Many laughs were shared across the viral spaces of internet meme culture when Logan Paul revealed one of his NFTs purchased for $623,000 had dropped to just $10 in value.
Schadenfreude is not exclusively the domain of crypto-skeptics on Twitter, but they clearly work the hardest at achieving the state of nirvana only found when a disliked project is found wanting.
For those in the know, glorified profile pictures are barely going to be a footnote in NFT history; merely more than a curiosity for 10th grade classes around the world. Grandpa will sit in his corner armchair and mutter darkly about the Bored Ape he never sold and realized gains on. This will not define the era of NFTs, however.
Projects in the crypto space are quietly building infrastructure for a groundbreaking new world underpinned by NFTs. There may be use cases for artworks, but this is nowhere near close to the overall thrust of the future industry.

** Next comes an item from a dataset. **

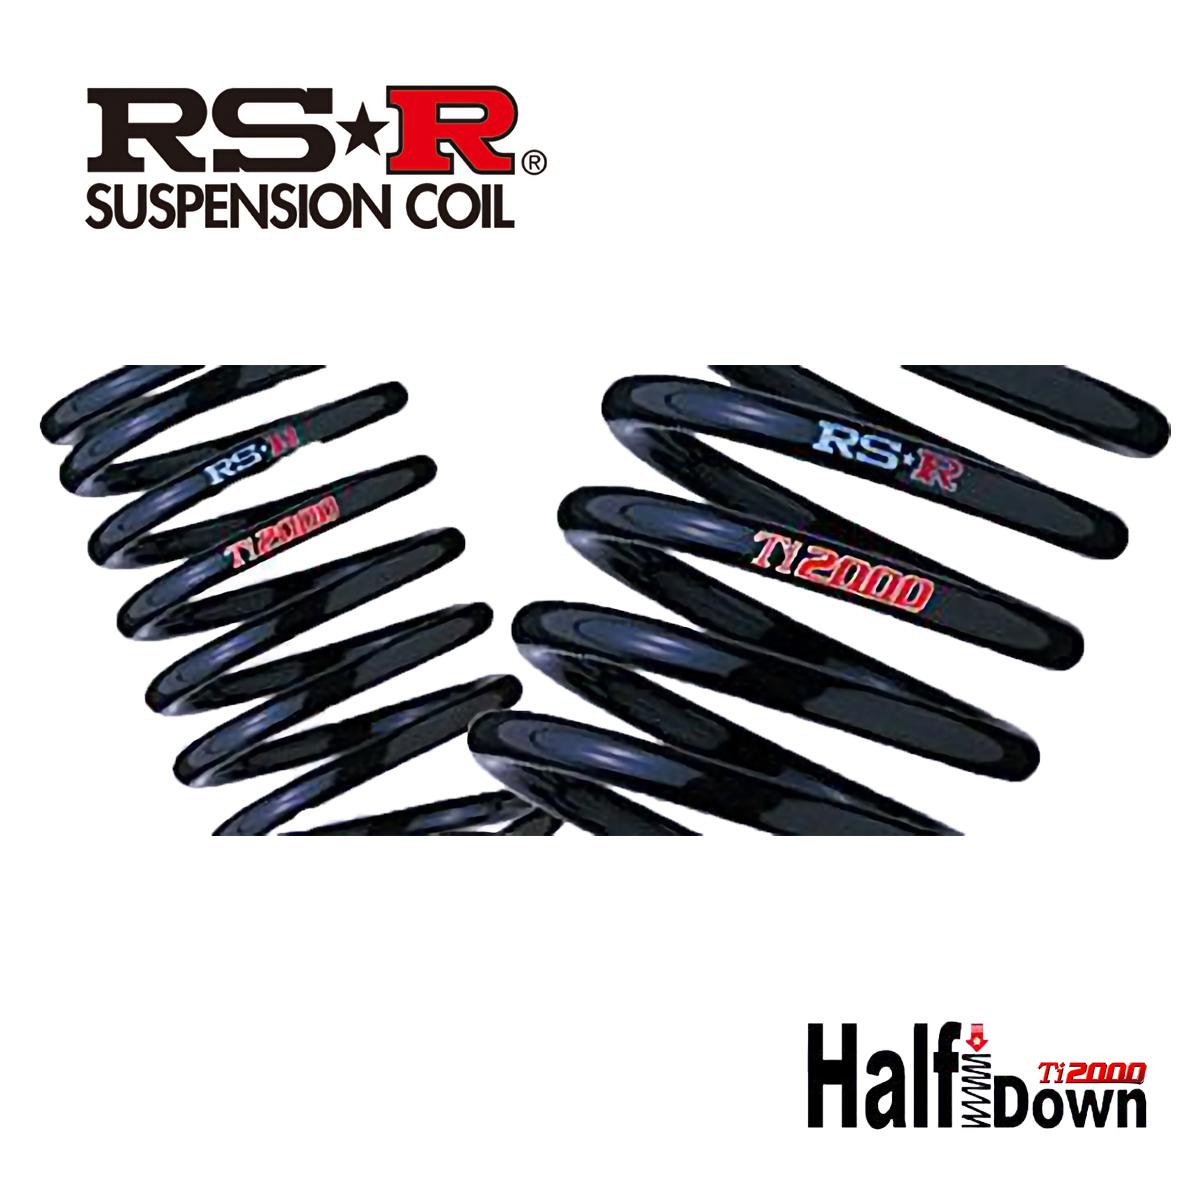 RS-R C-HR G-T NGX50 ダウンサス スプリング フロント T381THDF Ti2000 ハーフダウン RSR 個人宅発送追金有
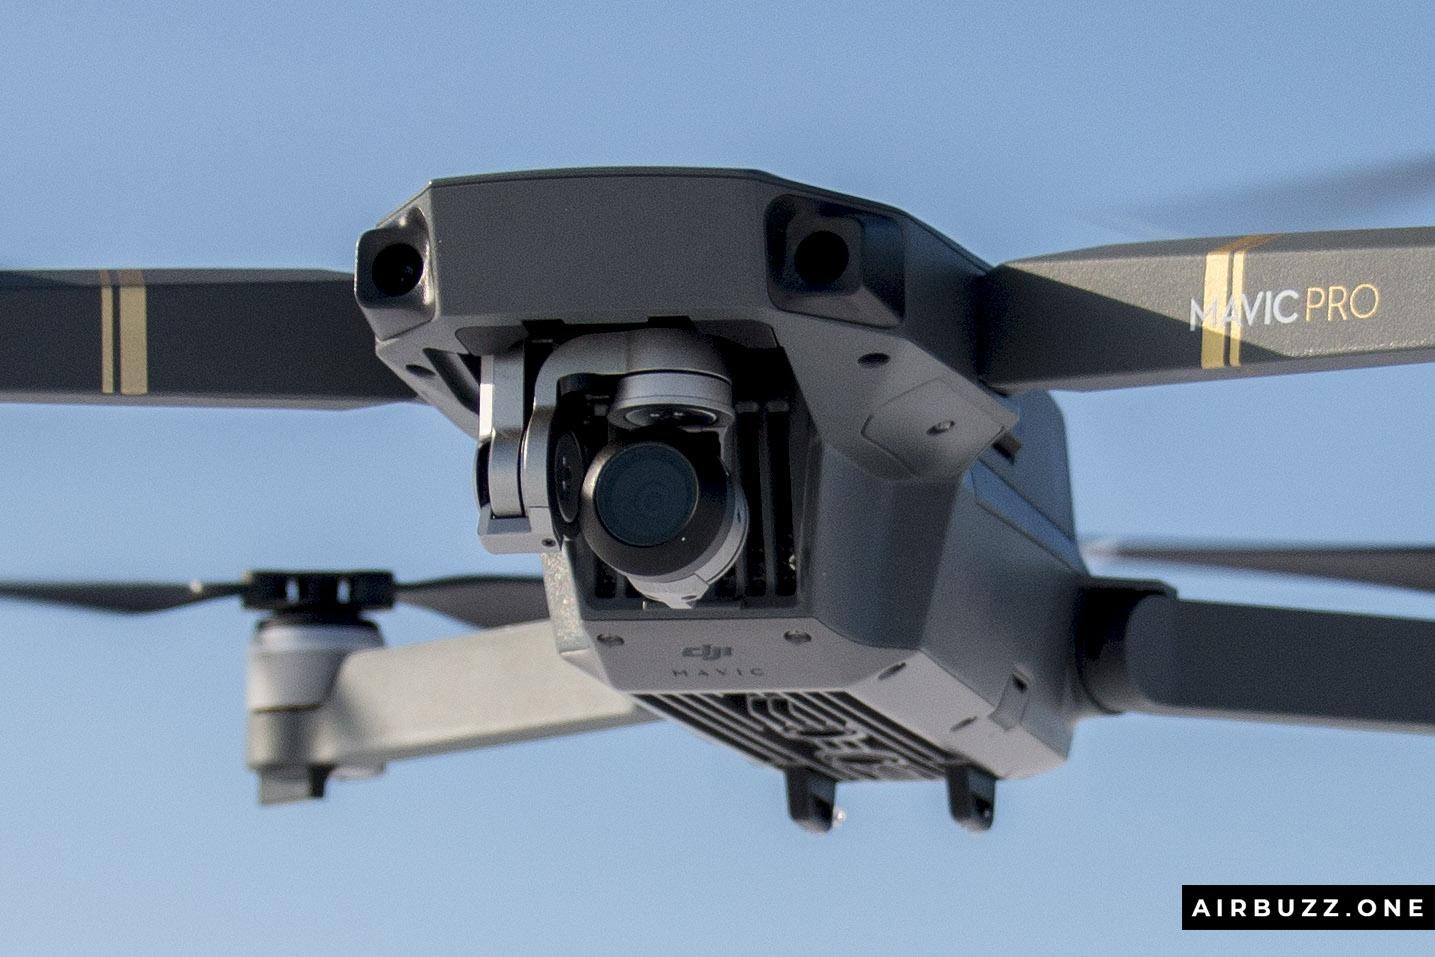 My DJI Mavic Pro camera drone

Nearly any asset can be tokenized and turned into an NFT. What this represents is an immutable and verifiable piece of code denoting ownership of something worth money. See where we’re going with this?
Don’t worry if not, subtext is not my greatest attribute.
What some startups envision is a global network of rentable, buyable and saleable assets based on the blockchain and, you guessed it, making full use of NFTs to ensure safe and secure transferring of assets if even only for a limited period of time. Smart contracts work out the finer details automatically so there is incredibly little room for scams and fraudulent activities.
Short answer: everyone, pretty much.
Gamers are resisting NFT integration: they can’t really be blamed, we don’t expect anything more than cash grabs from the largest developers. But there is opportunity for players to actually own their in-game items and trade them freely to profit when the time comes. This’ll require significant evolution in the current financial models of the most popular titles.
Secondary ticket markets could be positively huge for NFT adoption meanwhile. Dealing with resellers and scalpers comes with inherent risk because they might simply rip you off and there is little to no recourse in most cases. If the ticket is on the blockchain, funds are held in escrow and only released when transfer is confirmed by the smart contract and registered on blockchain.
Rentable assets are also a big use case; do away with all the paperwork and conduct everything from a mobile application. Supply chains can further abolish mountains of paperwork with considerable exposure to fraud and do it all on the blockchain, with shipments registered as NFTs.
These are just a few options for the explosion of growth in NFT adoption. Many more exist and probably aren’t all conceived of yet. Keep an eye on developments; the reputation that precedes NFTs will swiftly change once it becomes too useful to ignore.